Ein königlicher Tausch


Frankreich 1712. Bereits im Alter von zwei Jahren ist Louis XV. Thronfolger seines Urgroßvaters, des Sonnenkönigs, der drei Jahre später verstirbt. Bis zur Volljährigkeit des jungen Königs an seinem 13. Geburtstag übernimmt Herzog Philipp von Orléans die Regierungsgeschäfte als Regent. Da der lange und blutige Erbfolgekrieg Frankreich wie Spanien sehr geschwächt hat, vereinbart dieser mit dem spanischen König Philipp V. die Verlobung des 12-jährigen Königs mit der 3-jährigen Maria Anna Victoria von Spanien. Gleichzeitig wird der 14-jährige spanische Thronfolger Don Luis mit der 12-jährigen Louise Elisabeth von Orléans verheiratet. Auf diese Weise, so hoffen die Höfe, ist die Versöhnung der Königshäuser langfristig gesichert. In einem prunkvoll arrangierten Zeremoniell werden die Prinzessinnen ausgetauscht.

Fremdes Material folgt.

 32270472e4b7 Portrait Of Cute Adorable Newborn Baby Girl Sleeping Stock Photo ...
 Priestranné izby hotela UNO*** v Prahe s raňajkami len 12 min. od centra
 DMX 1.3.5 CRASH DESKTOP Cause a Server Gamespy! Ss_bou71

Während die wohlerzogene kindliche Infantin bei den Damen des französischen Hofes immer beliebter wird, entspricht Louise Elisabeth nicht den Vorstellungen des spanischen Königshauses, denn sie ist aufmüpfig und weigert sich, die Ehe zu vollziehen.

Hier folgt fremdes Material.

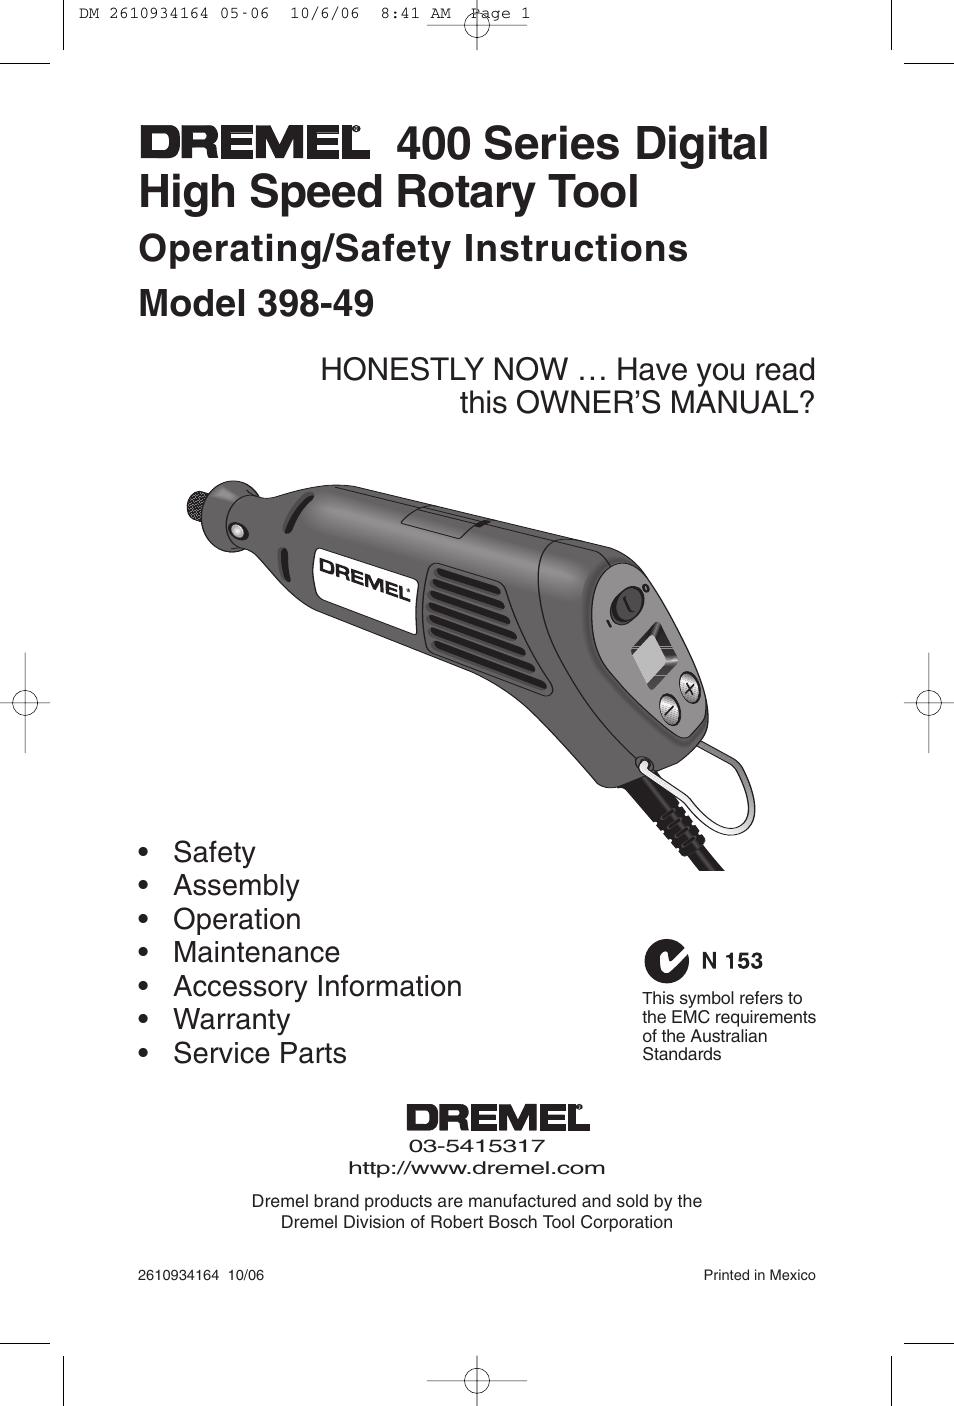 dremel 400 series digital 398 49 user manual 24 pages rh manualsdir com Dremel Multi Tool Dremel 395 Type 5 Manual
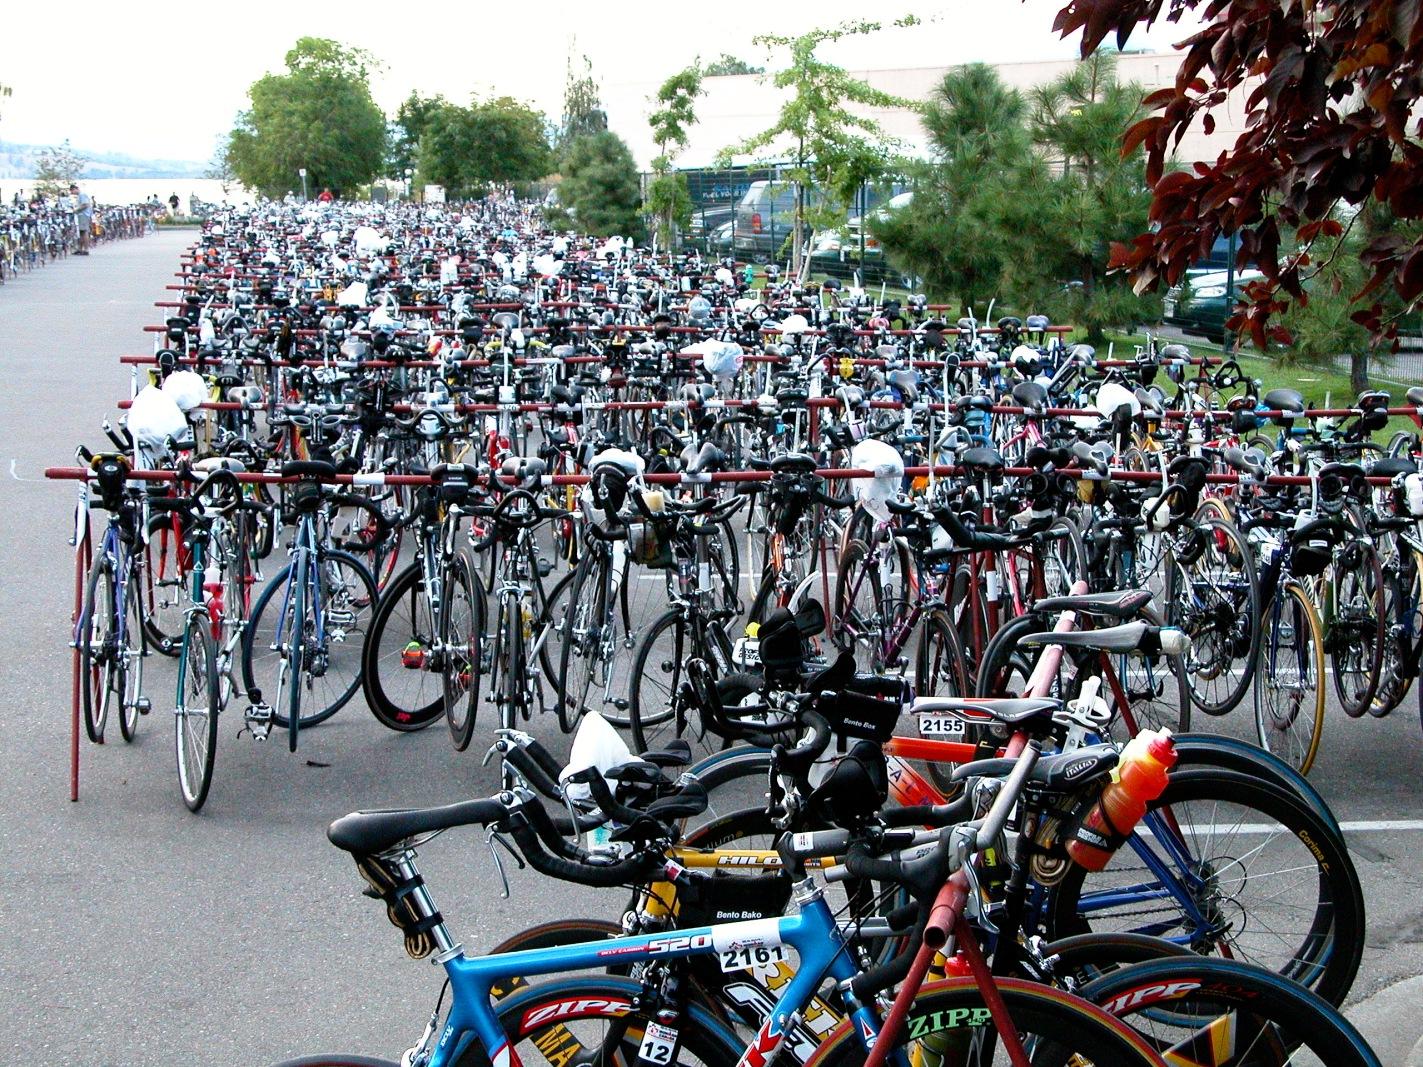 Ocean of bikes by Miloliidrifter
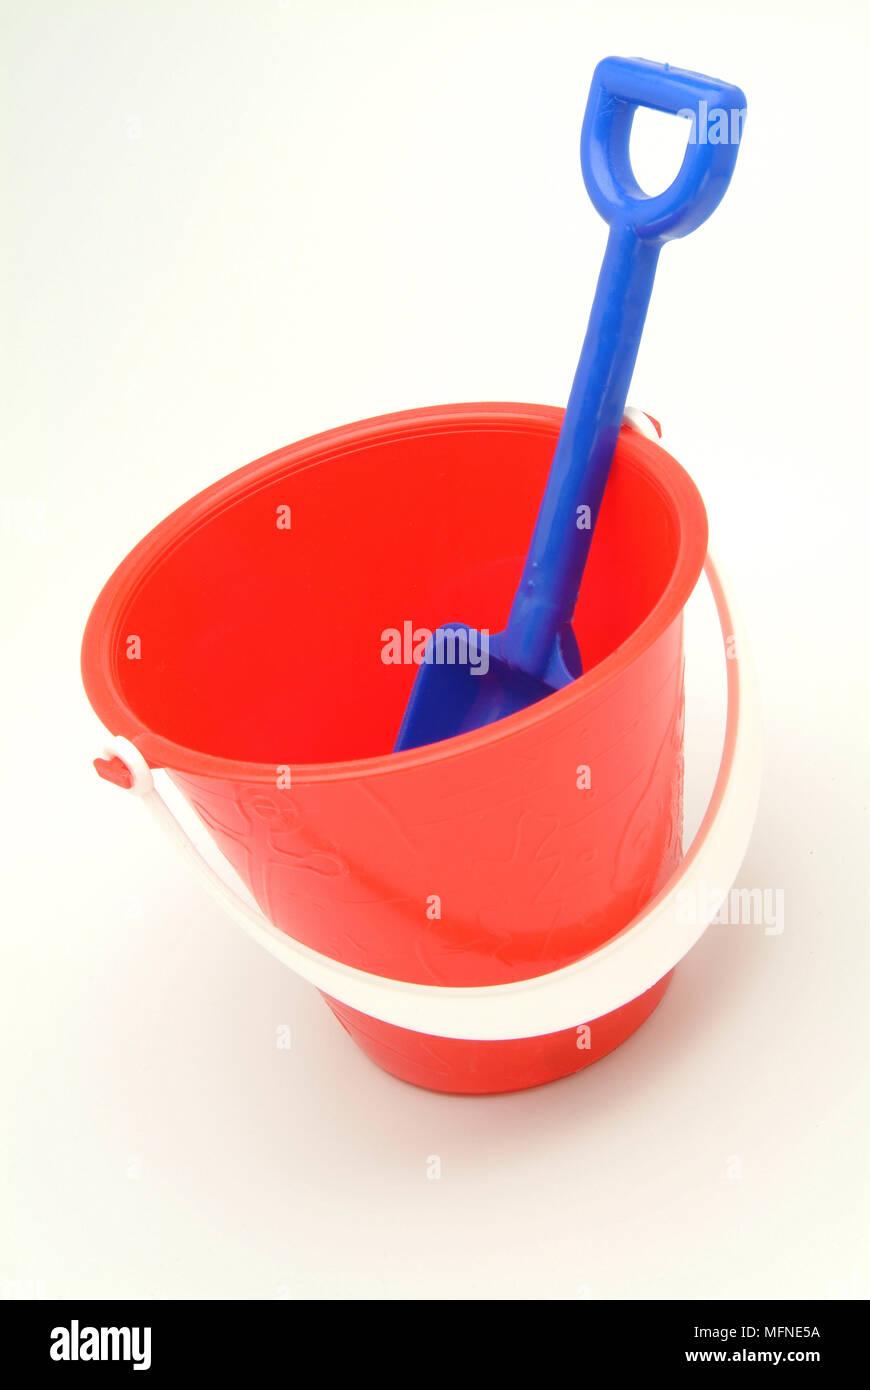 Close-up of a toy bucket et spade Ref: CRB117 10024__063 crédit obligatoire: David Barrett Sem - Allemand / Photo Stock

Regisseur Marc Dugain, in Frankreich gefeierter Bestsellerautor, inszeniert die Geschichte des Prinzessinnentauschs mit akribischer Detailverliebtheit. Die Nähe zur katholischen Kirche, die Inquisition, die Ränkespiele, die Verkuppelungen – die Unmenschlichkeit des Lebens im inneren Kreis der Königshäuser wird von Marc Dugain subtil seziert. Ein einziges Mal durchbricht in diesem Film jemand aus der Bevölkerung Frankreichs die royalen Bilder. Ein Mädchen betritt den Weg, den die Kutsche von Louise Elisabeth gen Spanien nimmt, und wird von einem Diener sofort verscheucht. Der Film beginnt mit Bildern, die Gemälden gleichen, die Kamera folgt den Figuren respektvoll distanziert, offenbart jedoch mit jeder Einstellung neben den diplomatischen Machtspielen der Monarchie auch die Emotionen, die dahinter verborgen ein Eigenleben führen. Und so ist es nicht die herausragende Gestaltung von Szenenbildern und Kostümen, die den Film sehenswert machen, sondern vor allem die sorgfältige Charakterzeichnung jeder Figur des Films und natürlich das grandiose Darsteller-Ensemble.
Marc Dugain hat in seinem Drehbuch jeder Figur eine große Tiefe verliehen. Während die Erwachsenen ihre Positionen in diplomatischen Gesprächen ausloten, wirken das Kind und die Jugendlichen noch relativ unverdorben. Die königliche Infantin, großartig gespielt von Juliane Lepoureau, agiert beispielsweise zwischen naiver, höfischer Wohlerzogenheit und kindlichem Rollenspiel mit Puppen. Auch Igor Van Dessel, der als junger französischer König zwischen Intrige und Glaubwürdigkeit mit seinen Zweifeln zurechtkommen muss, gelingt eine hervorragende Darstellung. Den Thronfolger und schließlich König Spaniens spielt Kacey Mottet Klein mit unverhohlener Bewunderung für seine junge Frau, in die er zweifellos verliebt ist und die er intensiv begehrt. Deren Rolle, verkörpert von Anamaria Vartolomei, hat dagegen weniger Nuancen und lässt die Schauspielerin deshalb etwas blasser erscheinen.